## Records provided
■ ■ ■

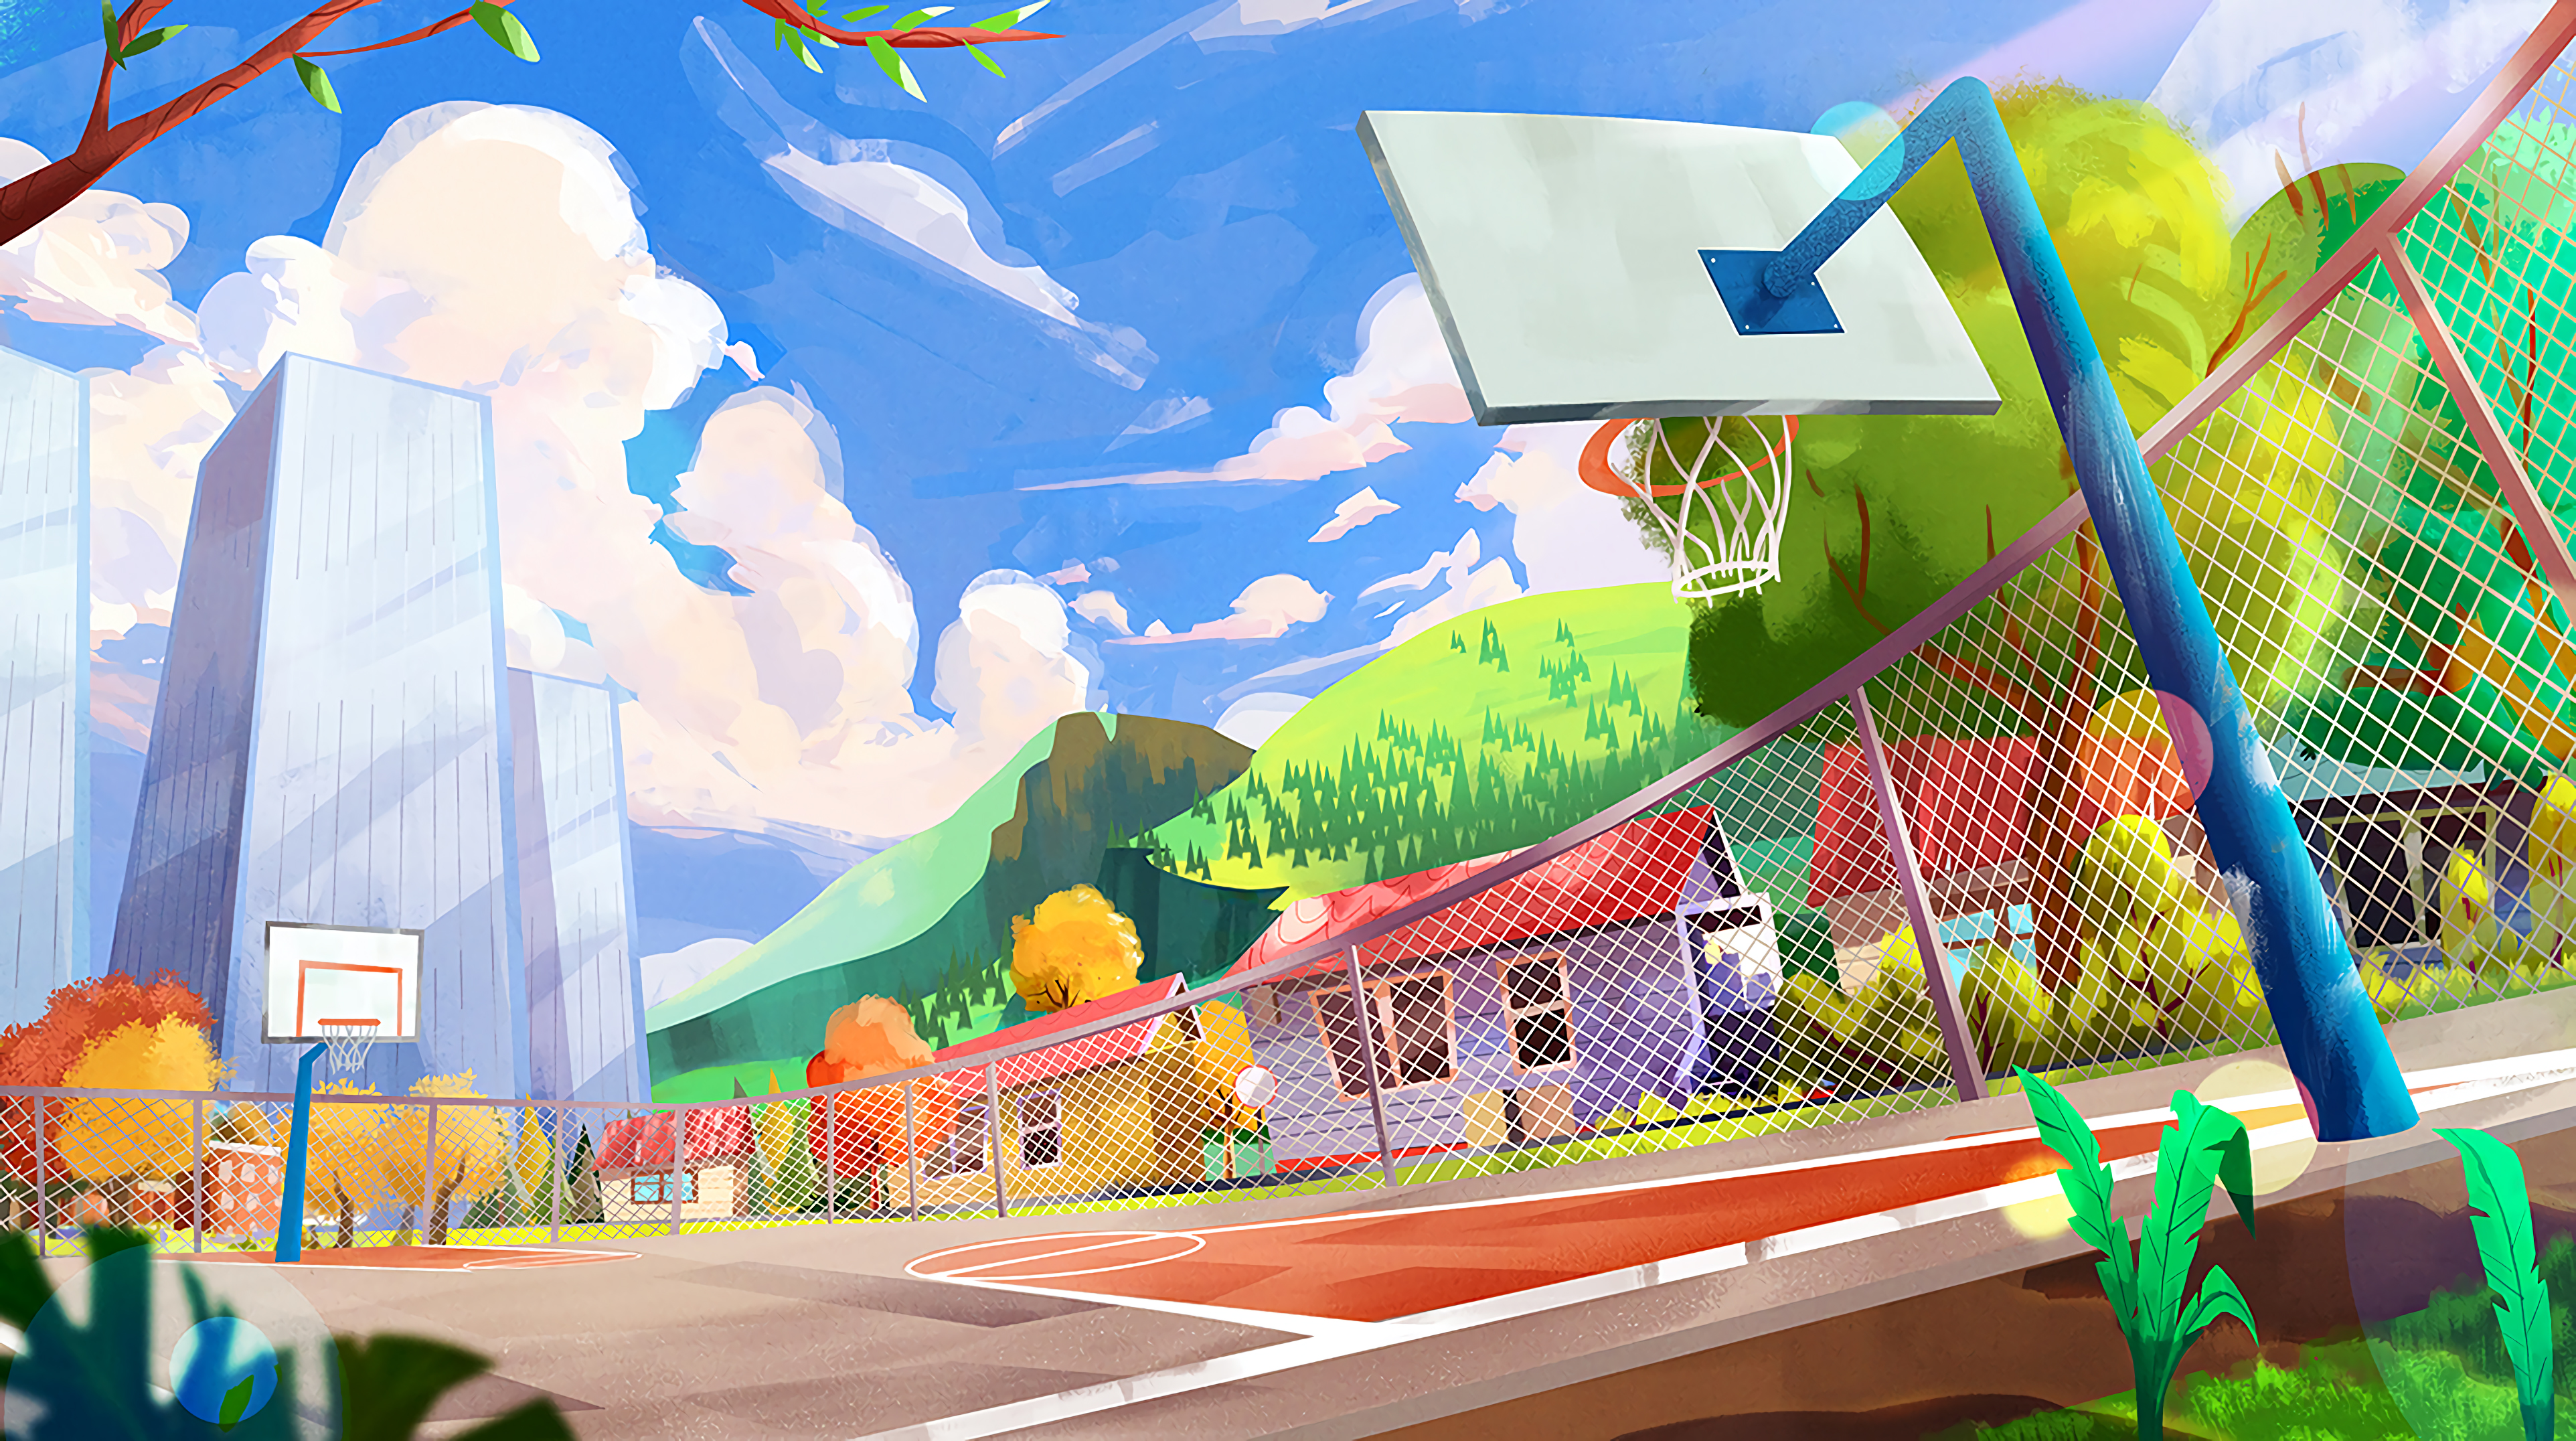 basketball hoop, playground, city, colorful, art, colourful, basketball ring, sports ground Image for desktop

■ ■ ■

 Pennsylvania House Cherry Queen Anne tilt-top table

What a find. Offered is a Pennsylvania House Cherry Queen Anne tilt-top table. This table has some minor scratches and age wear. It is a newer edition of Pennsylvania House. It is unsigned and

■ ■ ■

## Action item
Search the records above for "Pennsylvania" and copy every line that has it.

## Output below
 Pennsylvania House Cherry Queen Anne tilt-top table
What a find. Offered is a Pennsylvania House Cherry Queen Anne tilt-top table. This table has some minor scratches and age wear. It is a newer edition of Pennsylvania House. It is unsigned and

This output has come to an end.